The normally staid world of Minnesota credit unions announced a second merger in less than a week Monday as Bloomington-based Star Choice and SharePoint credit unions announced they will combine to have nearly $400 million in assets and a service area spanning eight counties.
Bloomington-based Star Choice and SharePoint credit unions will merge
The merger creates the eighth-largest credit union in the Twin Cities.
The deal is expected to close the first week of January 2024. It will create the 8th-largest credit union in the Twin Cities and the 13th-largest in the state with 27,800 members and six branches.
If all goes as planned, the joint entity will eventually adopt a new name, but for now will be called SharePoint Credit Union, meaning the Star Choice name is going away.
Signage will not change until the new name is adopted, officials said. Members will vote on the merger in October.
The merger comes on the heels of last week's announcement that Roseville-based Spire and St. Paul-based Hiway credit unions will merge to create the fourth-largest credit union in the state with $4 billion in assets.
Founded in 1933, SharePoint Credit Union originally catered to employees of the Red Owl grocery store. It now boasts $298 million in assets, 21,500 members and a service area of Anoka, Carver, Dakota, Hennepin, Ramsey, Scott, Washington and Wright counties.
Star Choice was established in 1931 as the Minneapolis Star Employees Credit Union and originally only served newspaper employees. It expanded its charter more than a decade ago and now has $93 million in assets, one branch and 6,300 members across Hennepin and Scott Counties.
After the merger, Star Choice members will gain access to Share Point branches in Burnsville, Medina, Plymouth and St. Louis Park and one inside the King's County Market grocery store in Andover.
SharePoint's branch in Bloomington will close and become an administrative office. Its banking services and staff will be relocated to Star Choice's Bloomington branch on France Avenue, Star Choice CEO Scott Olson said in an interview Monday.
Olson emphasized there will be no layoffs. He described the proposed merger as a "unique" opportunity.
"The Star Choice board of directors believe this merger will be highly beneficial, as both organizations share similar cultures and values," Olson said. "Our objective is to strengthen the overall value of the membership by offering improved personal service, a broader array of products and services, and greater convenience to our highly regarded members."

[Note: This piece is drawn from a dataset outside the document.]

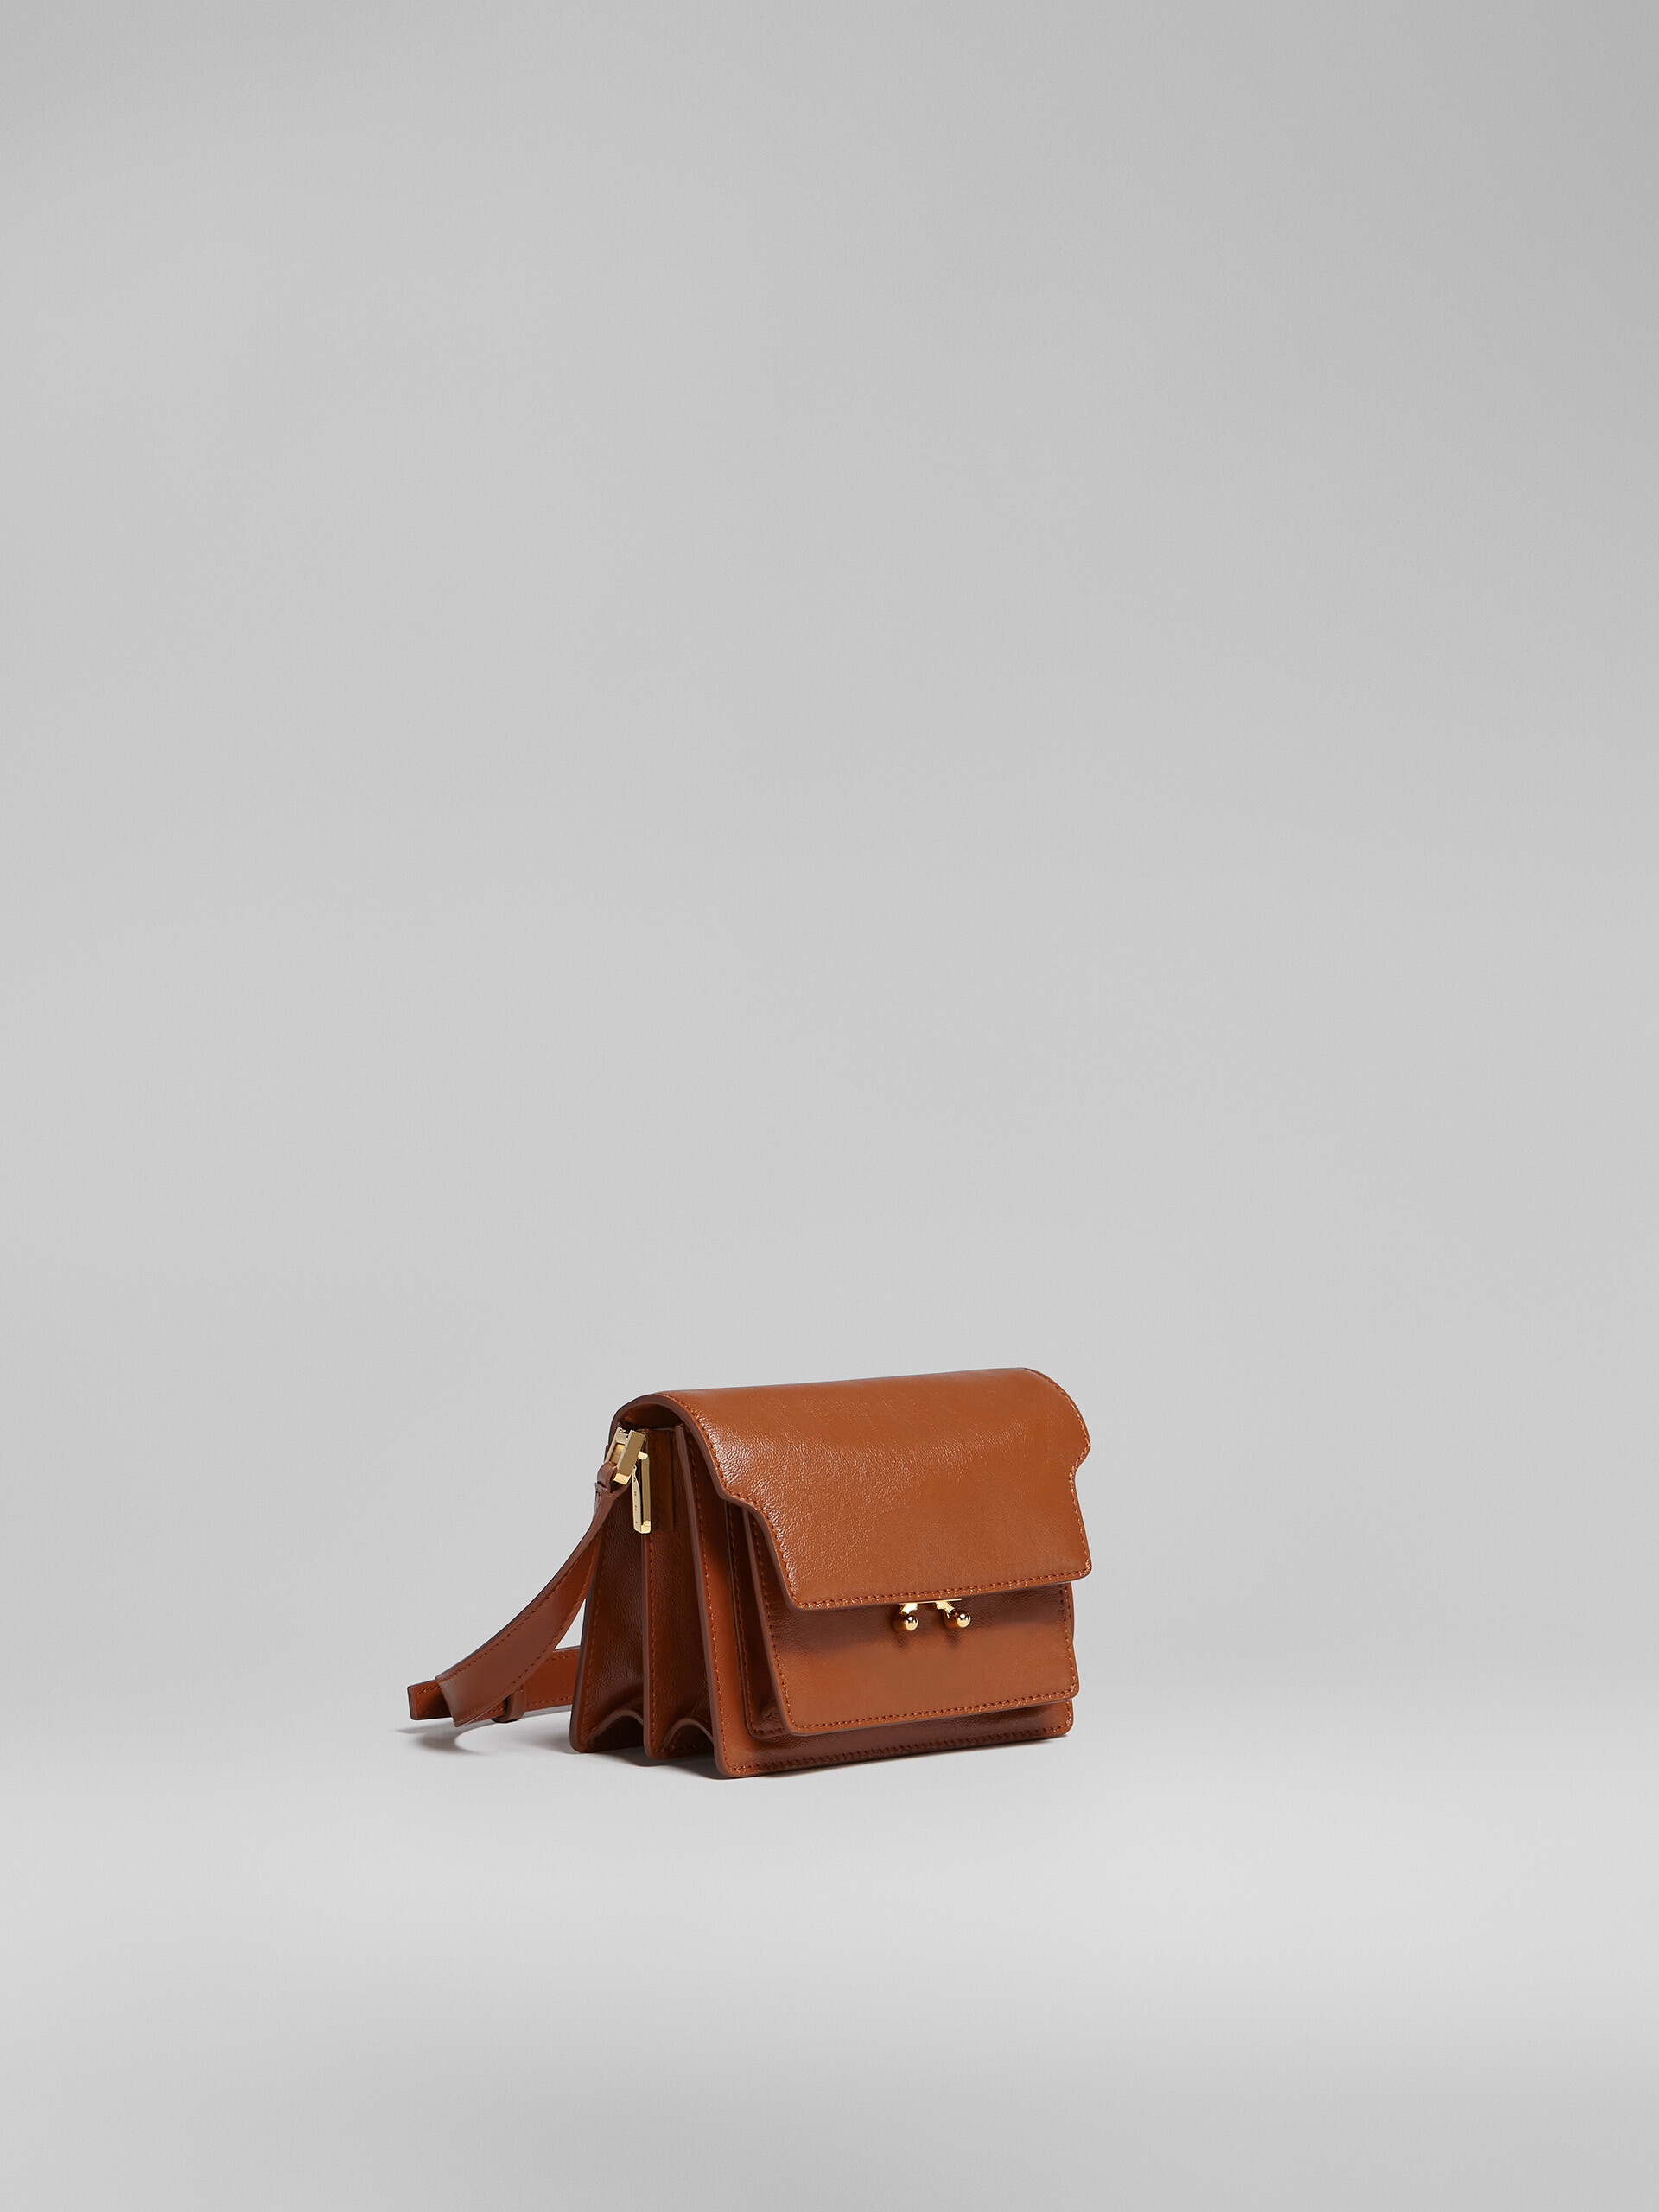 Mini-sac TRUNK SOFT en cuir rose - Sacs portés épaule - Image 6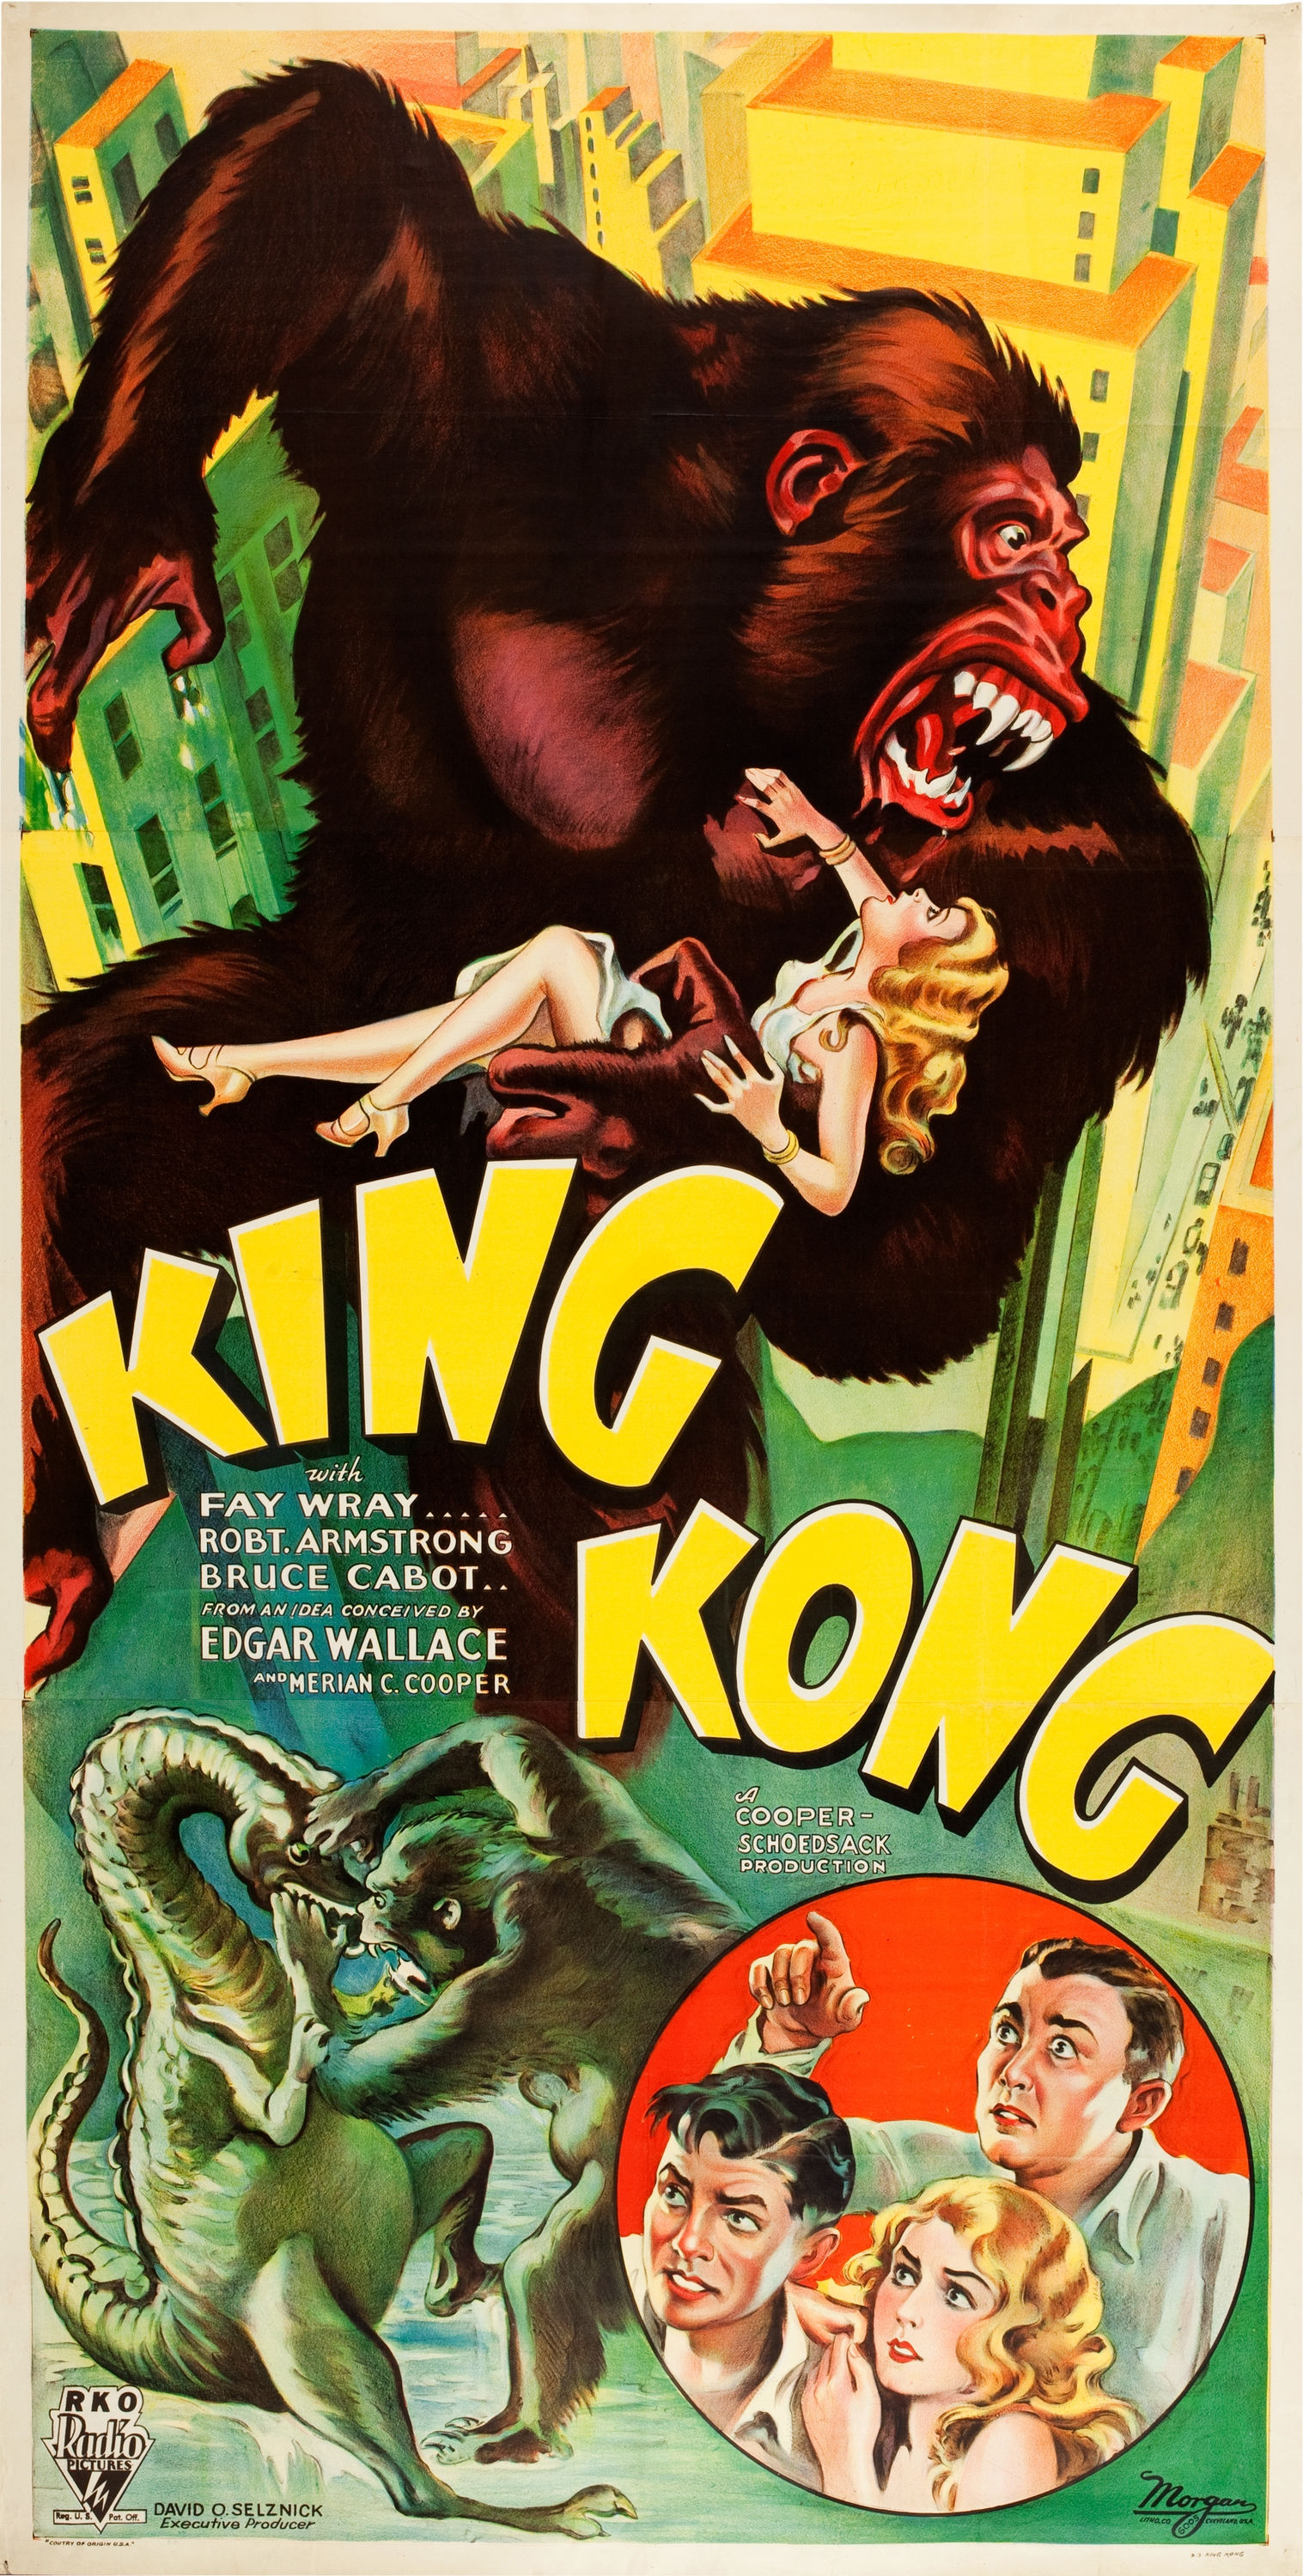 King Kong (película de 1933) - Wikipedia, la enciclopedia libre

He added that with tougher banking regulations coming down the pipeline in the wake of three bank failures earlier this year, it made sense to consider taking on a partner and becoming a bit larger.
Olson said he has been approached about a merger at least 10 times, but that the timing made sense now.
Merging with SharePoint will give his members better savings rates, and increase the limit on insured deposits from $250,000 per member to $500,000, he said.
That insurance change stems from SharePoint having private deposit insurance, in addition to the $250,000 per member limit provided by the federal government.